Quando a Selic cai pra 9% (juro real perto de 5% se IPCA ficar em 4%), o mesmo CRI CDI+2% passa a pagar 11% nominal, ou 7% real. O CRI IPCA+6% continua pagando IPCA+6, ou seja, 10% nominal e 6% real. O IPCA passa a pagar mais real que o CDI.
Esse é o mecanismo que torna o KNIP11 melhor que o KNCR11 em ciclos específicos. Não é magia. É matemática de juro real. O fundo IPCA captura inflação automaticamente; o fundo CDI tem que esperar o BC subir a Selic pra capturar inflação, e o BC sempre faz isso com defasagem.
O que a Kinea publica todo mês — e o que vale ler
O relatório gerencial do KNIP11 sai todo mês, com defasagem típica de algumas semanas. Está disponível no site da Kinea e na CVM. Vale ler quatro coisas específicas, em ordem de importância.
1. Lista dos 10 maiores CRIs e respectivos devedores. Nomes próprios. Não basta CRI lastreado em recebíveis imobiliários do setor X. Tem que ter o nome do emissor pra você poder julgar a qualidade. Se a lista é dominada por nomes que aparecem no jornal por motivos bons (companhias listadas grandes, shoppings consolidados, hotéis de rede), é sinal verde. Se tem nomes obscuros ocupando peso relevante, é sinal pra investigar mais.
2. Spread médio da carteira (em pontos acima do IPCA). Esse número responde diretamente quanto o fundo paga acima da inflação. Em geral, KNIP11 reporta spread médio numa faixa estreita ao longo do tempo (poucos pontos de oscilação). Se o spread cair muito mês a mês, o fundo está aceitando operações com prêmio menor — pode ser sinal de carteira amadurecendo (CRIs antigos vencendo) ou de mercado mais competitivo.
3. Inadimplência reportada. Kinea historicamente reporta inadimplência baixa no KNIP11. Qualquer evento relevante de default ou renegociação aparece em fato relevante na CVM. Se aparecer no relatório CRI em renegociação com peso acima de 2-3% do PL, vale aprofundar.
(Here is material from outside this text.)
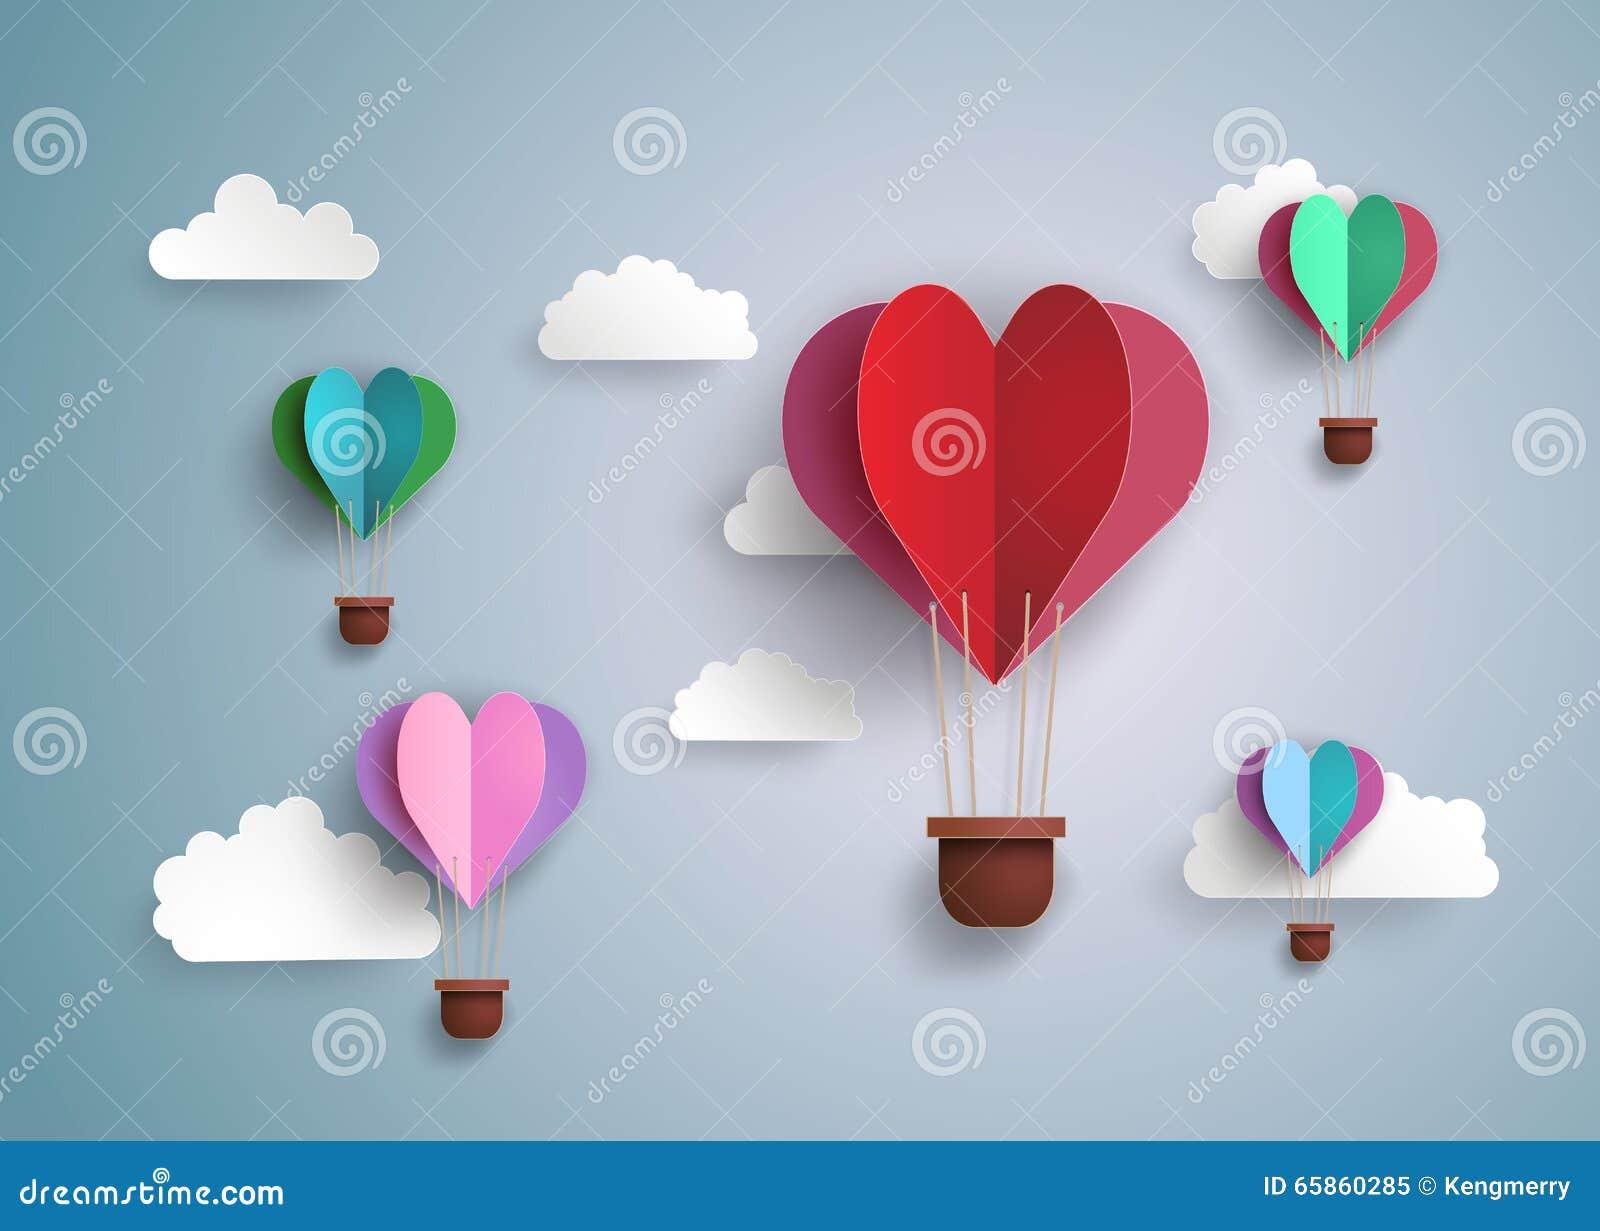 Hot air balloon in a heart shape stock vector illustration of hot air balloon in a heart shape summer decorative jeuxipadfo Choice Image

4. Distribuição mensal por cota nos últimos 12 meses. Quanto o fundo distribuiu mês a mês em reais por cota. Se a distribuição é estável (variando pouco), a renda é previsível. Se oscila bastante, parte do retorno depende de eventos não recorrentes — verifique o que está causando a variação.
Essas quatro leituras cabem em 10 minutos por mês. Pra um fundo que vai rodar na sua carteira por anos, é tempo bem investido.
O comportamento histórico que muito investidor não viu
Quem investia em FIIs em 2022 viu o que acontece quando IPCA dispara. Em 2022, o IPCA acumulou em 12 meses números bem acima dos 4,14% atuais. Naquele cenário, fundos IPCA distribuíam rendimentos altíssimos por cota, em alguns meses superando os fundos CDI por margem larga.
Em 2023-2024, o IPCA arrefeceu e a Selic subiu pra controlar a inflação. Os fundos CDI passaram a brilhar. KNCR11 capturou o ciclo de Selic alta com elegância, e quem só tinha ele na carteira teve um período excelente de renda mensal.
Em 2026, ainda estamos com Selic muito alta (14,50% Meta). O ciclo está prestes a virar — o consenso do mercado em abril/2026 é que a Selic começa a recuar no segundo semestre. Aí o KNCR11 perde tração, e o KNIP11 começa a ganhar.
Quem entendeu o ciclo em 2022 e tinha posição em IPCA capturou. Quem entrou em fundos CDI no pico de 2024 capturou outra parte. Quem teve os dois ao mesmo tempo capturou os dois ciclos. Essa é a tese central de carteira diversificada de papel: você não precisa adivinhar o ciclo, basta ter cobertura nos dois lados.